Coatings on glass or filters, can block infra-red or ultra-violet. Or conversely, enhance those transmissions by blocking visible light.

If glass blocked heat, my house wouldn't be hot with all those windows. Or conversely, cold in the winter.

The water vapor in the atmosphere, on the other hand, blocks infra-red quite well. And ozone, blocks ultra-violet.


Your house gets hot with all those windows because the windows do indeed transfer heat. Glass has a very low thermal coefficient. It passes heat very easily. That is exactly why thermal imagers cannot see through it.

Using your example of the windows in the sun, the sun heats the outside surface of the windows. The windows transfer the heat through them and radiate is inside your house. If you looked at the windows that are receiving sunlight with a thermal imaging device you would see the entire window as one large, rectangular, solid object. The entire piece of glass will rapidly heat to the same temperature.

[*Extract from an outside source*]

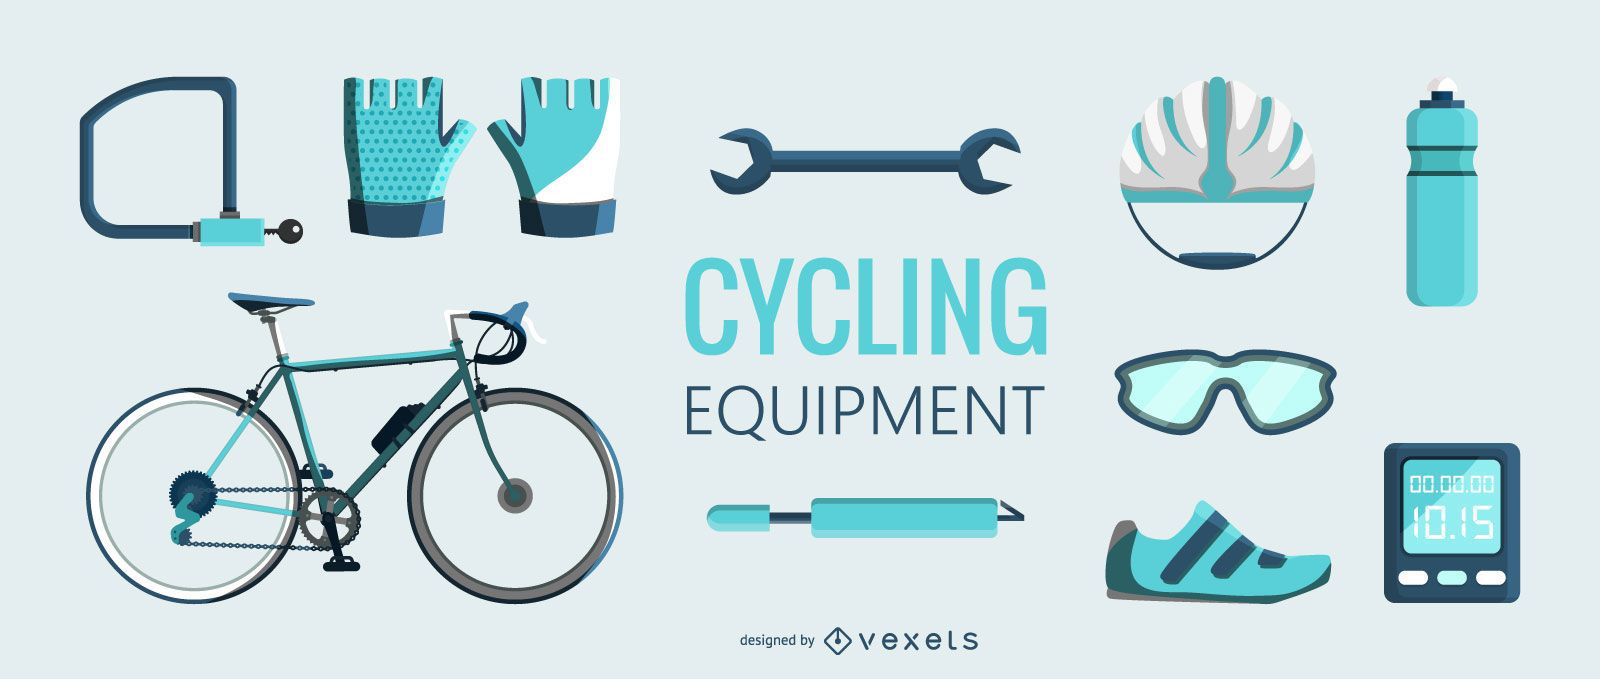 Flt cycling equipment illustration
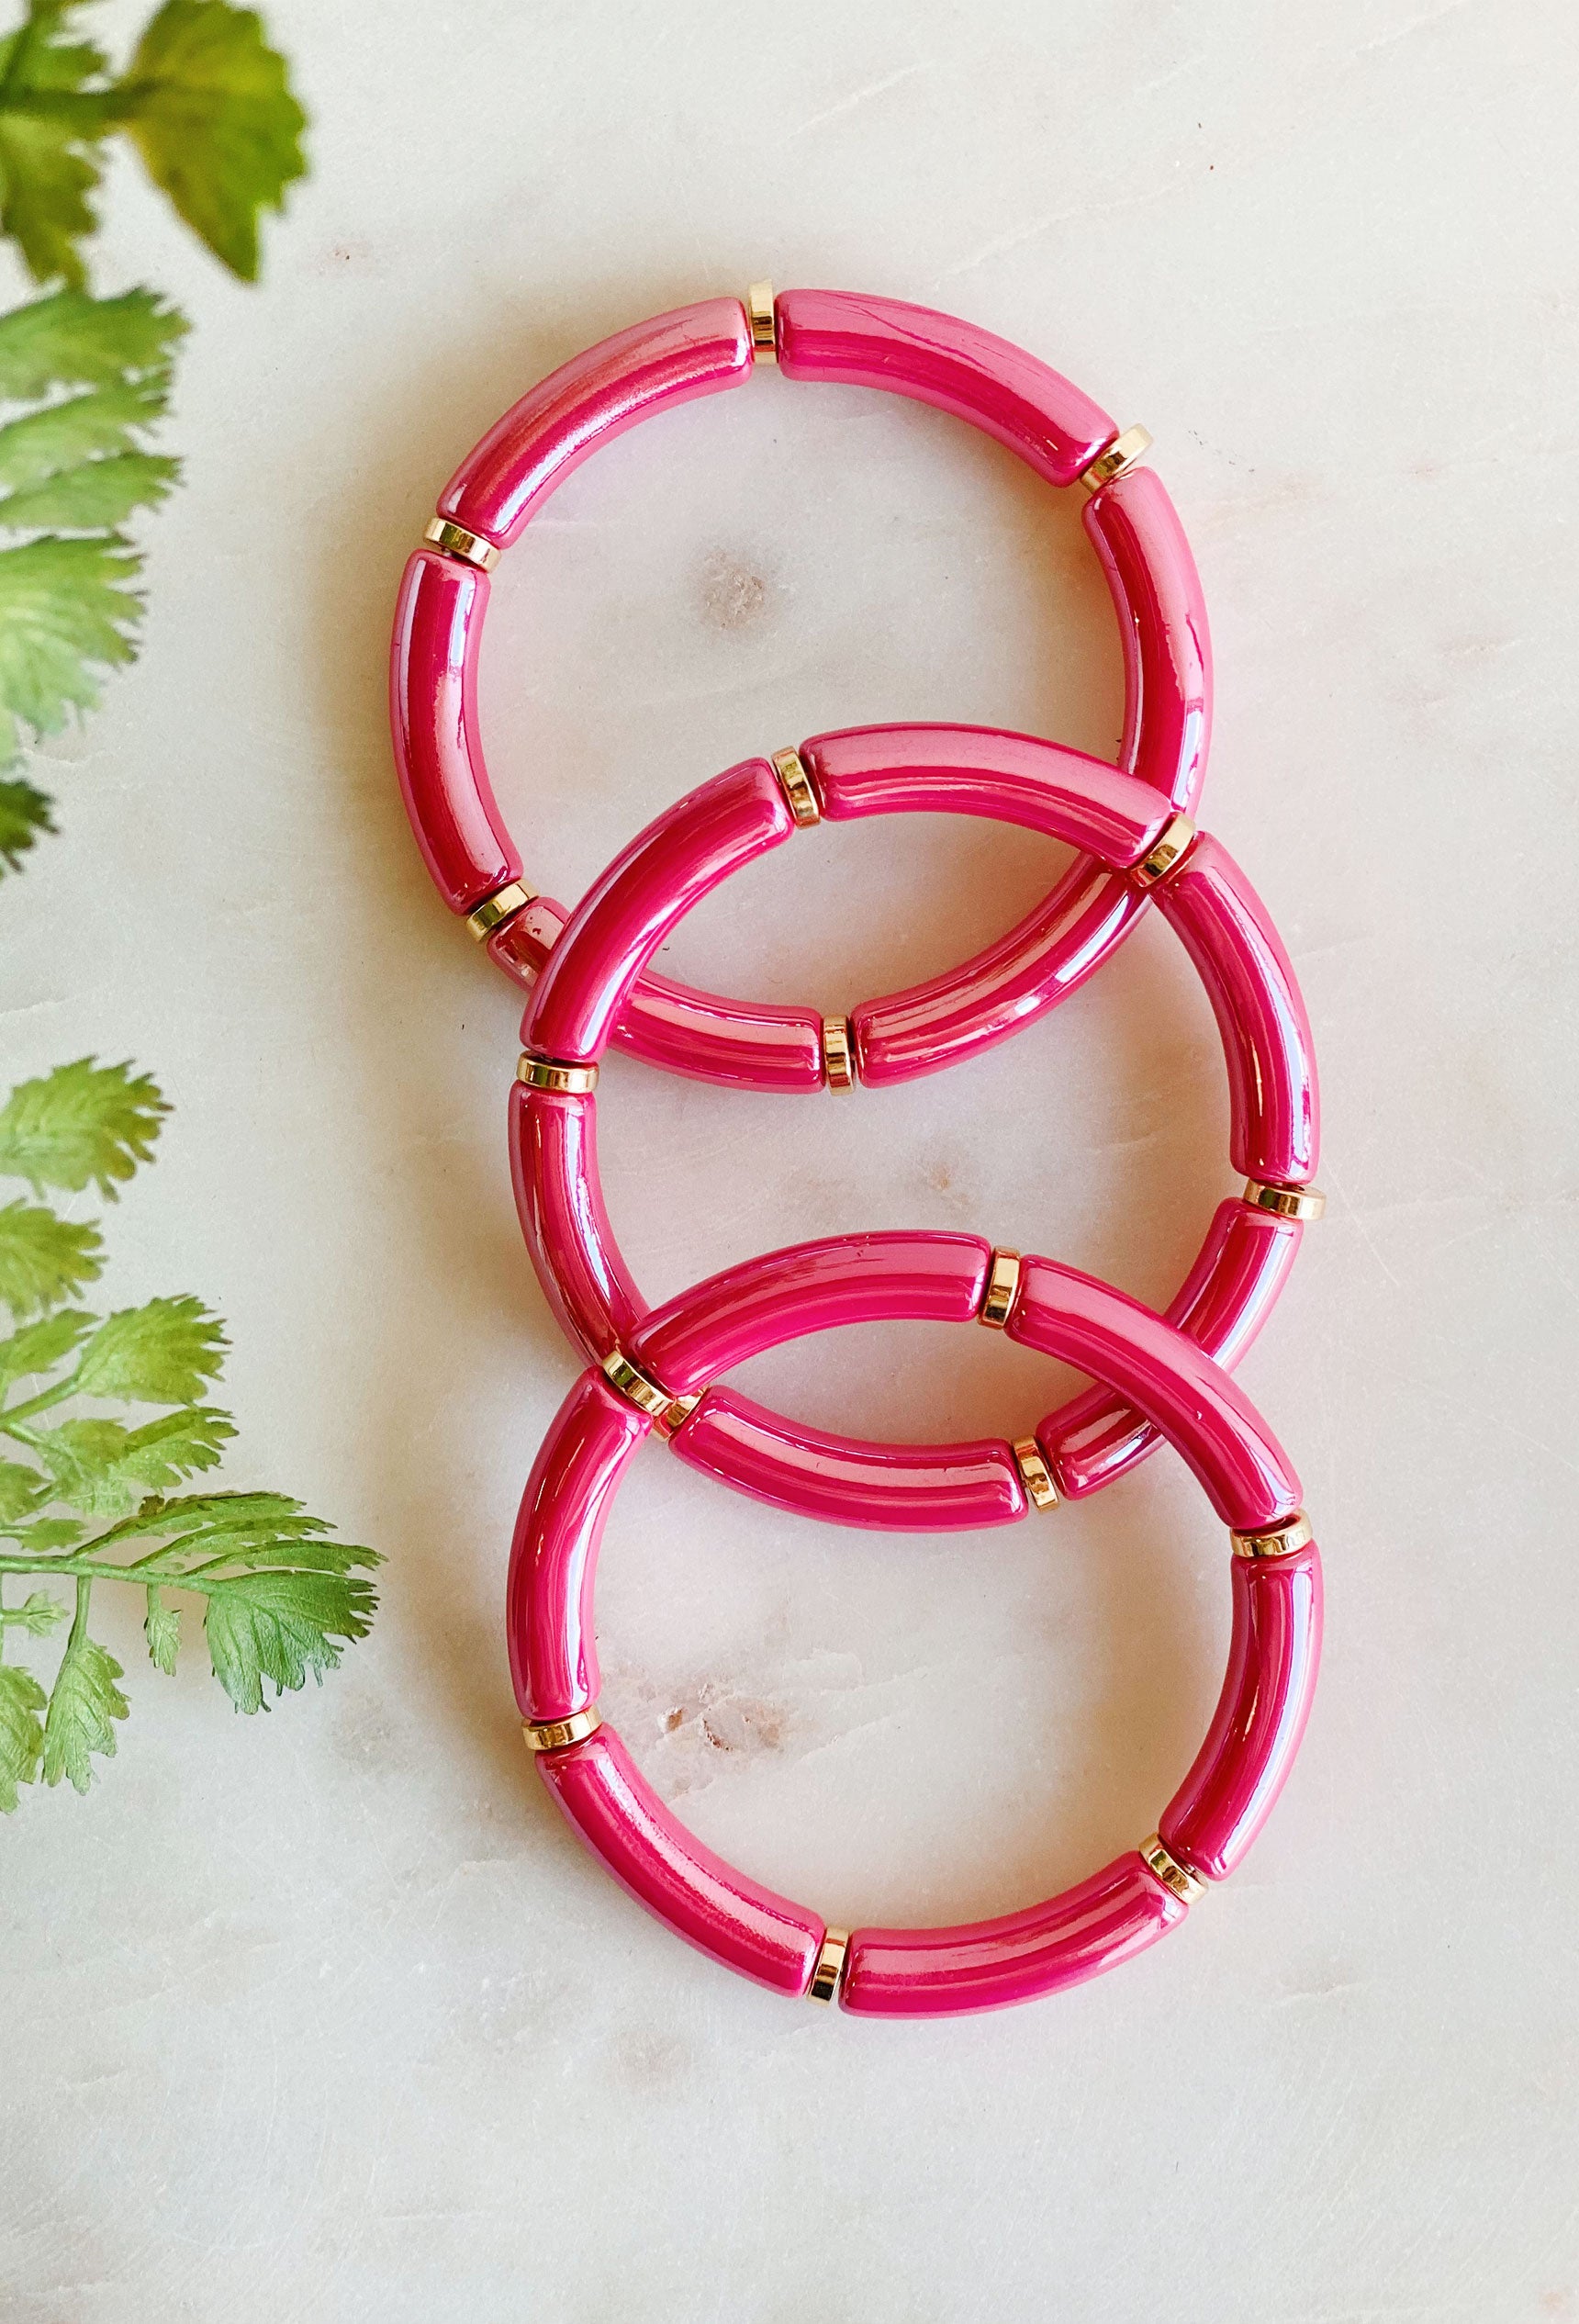 Summer Feelings Bracelet Set in Fuchsia, set of three fuchsia colored bracelet set of 3

You would not be able to detect a heat source on the other side of the window.

For your second example, water also has a fairly low thermal coefficient and conducts heat well. The water vapor in the atmosphere blocks IR for the same reason that the glass does. The water vapor heats up and you see the water vapor, not the heat source behind it.

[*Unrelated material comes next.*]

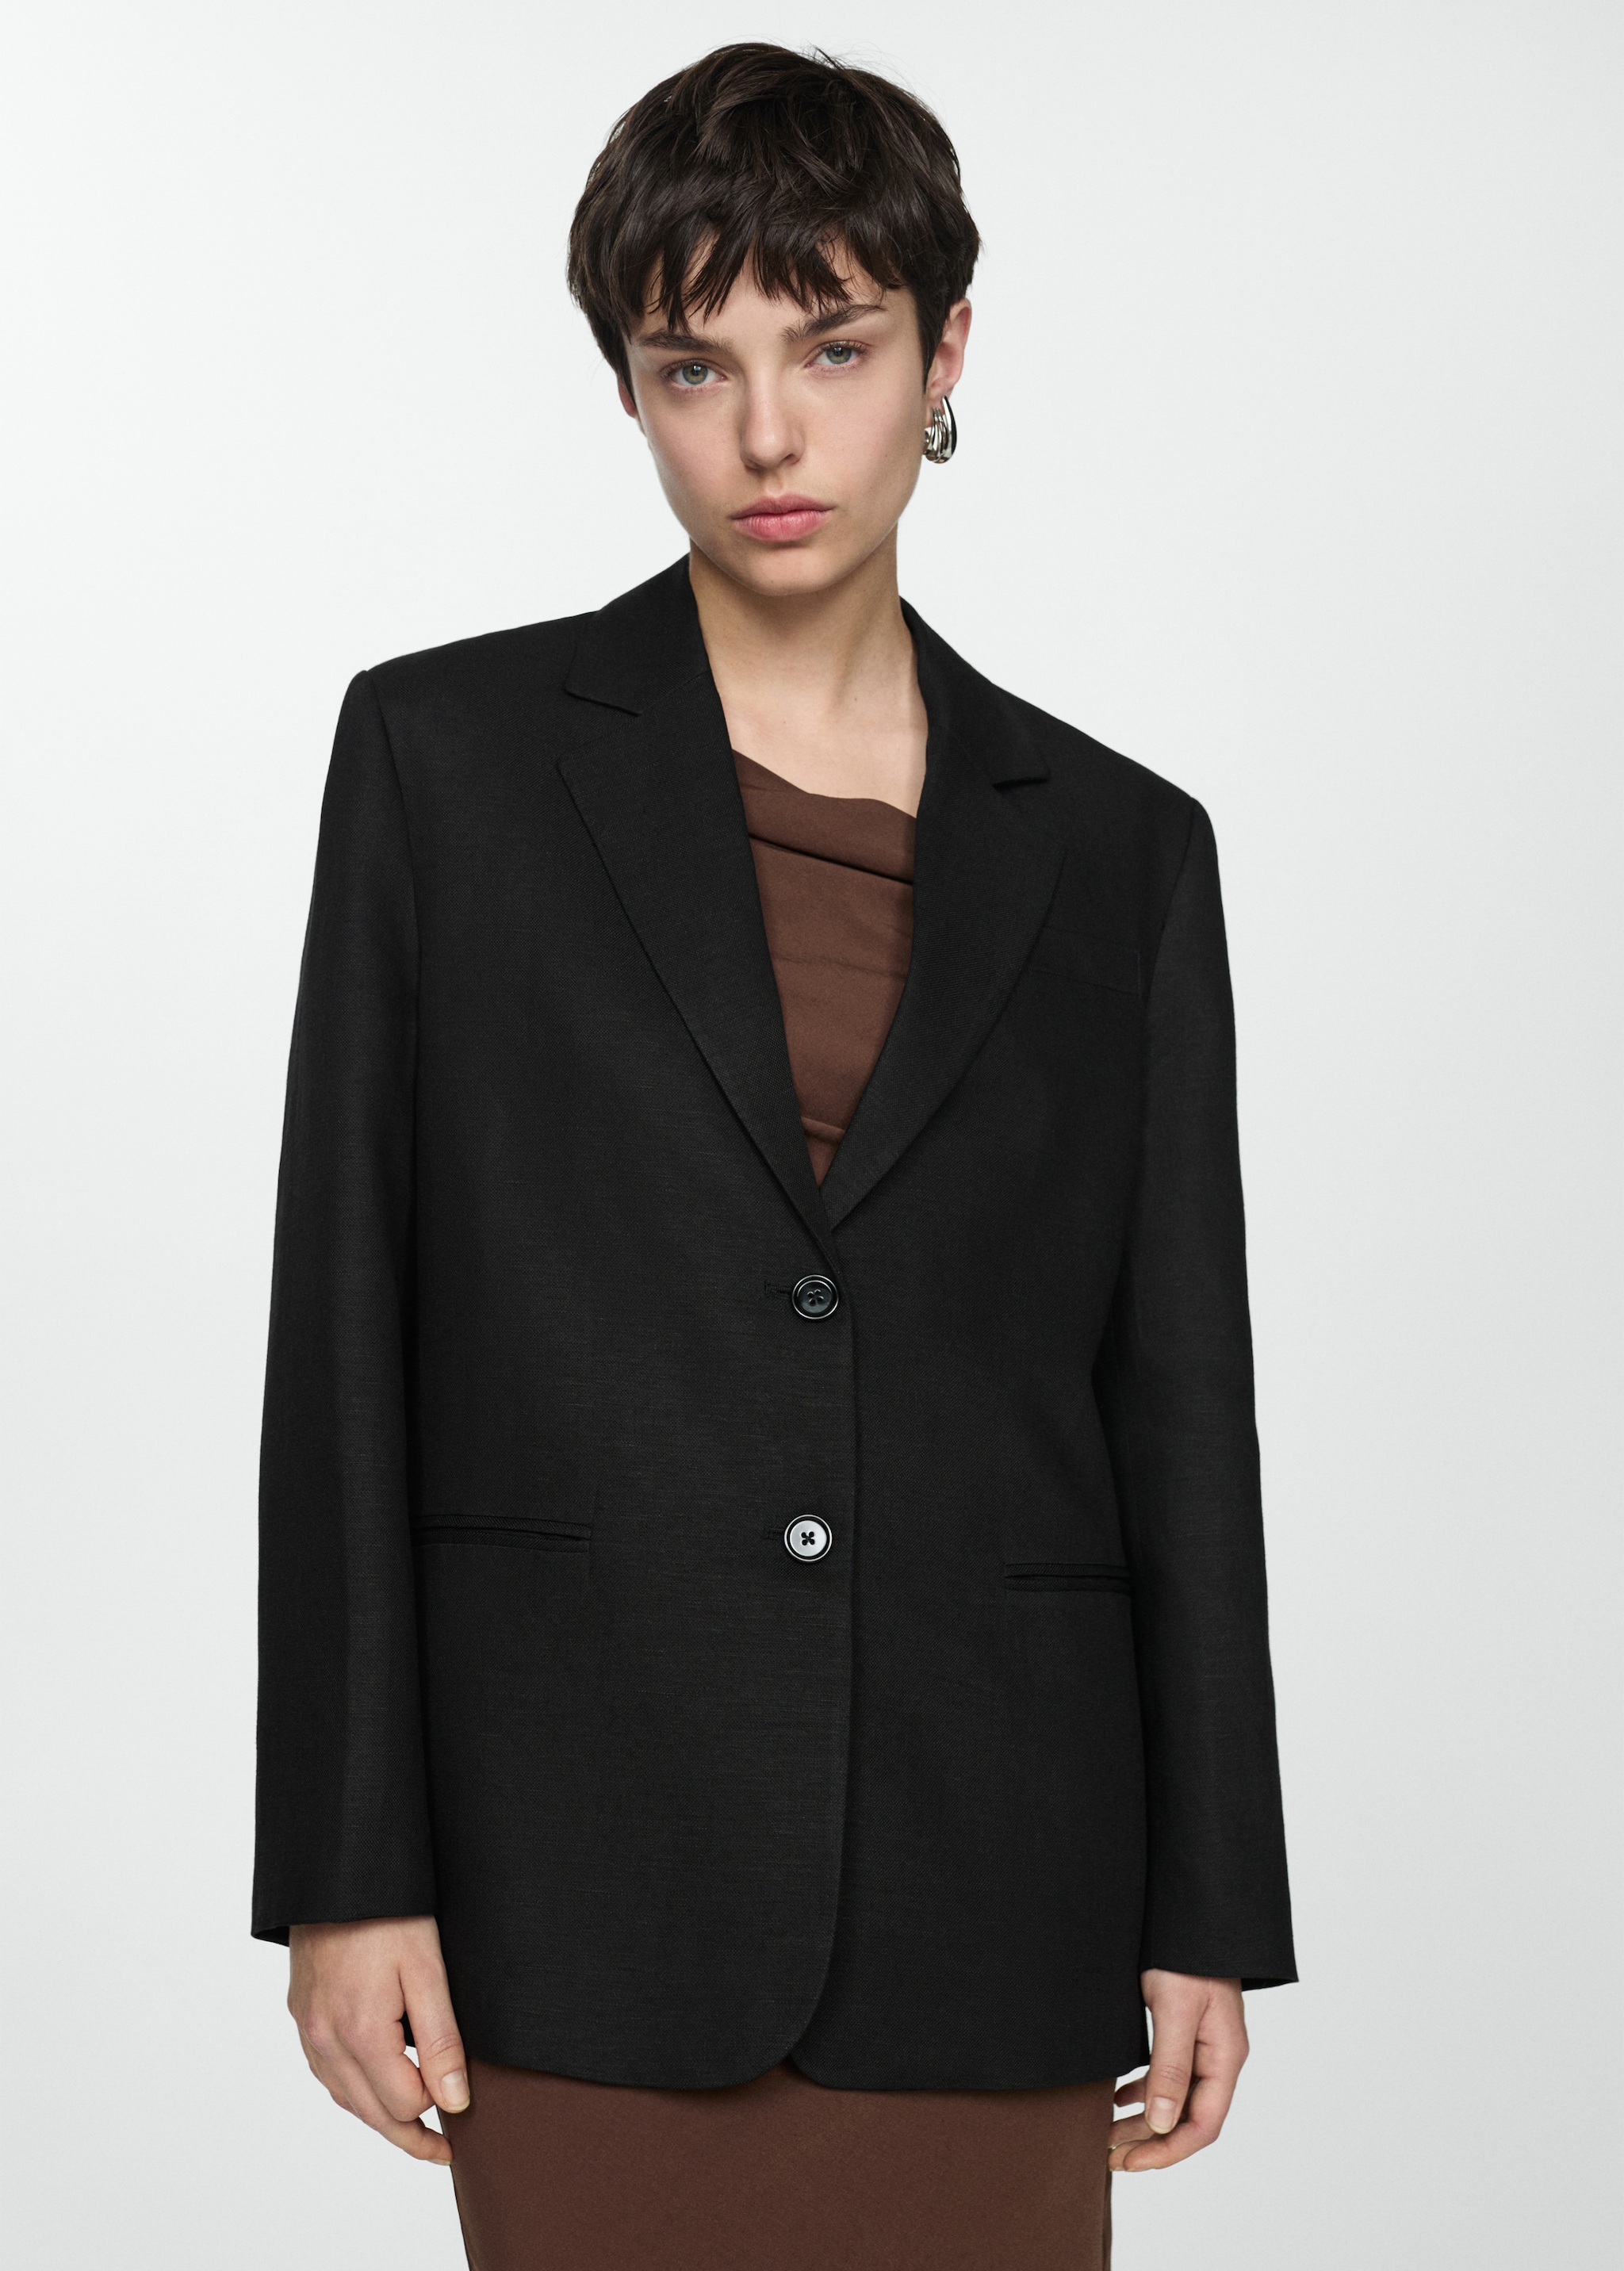 Linen jacket with buttons - Medium plane

When I was in the Navy we used a device called a NFTI - Naval Firefighting Thermal Imager, or something like that. At any rate, you use a NFTI after a fire is out to look for hot spots that may reflash and to detect fires in air ducts, inside walls, etc. We were taught over and over again that you could not look through the window in the main engine room doors with the NFTI, you had to enter the space to use it. I even saw this myself during damage control training. The entire window emits the heat from behind it and all you see is the window.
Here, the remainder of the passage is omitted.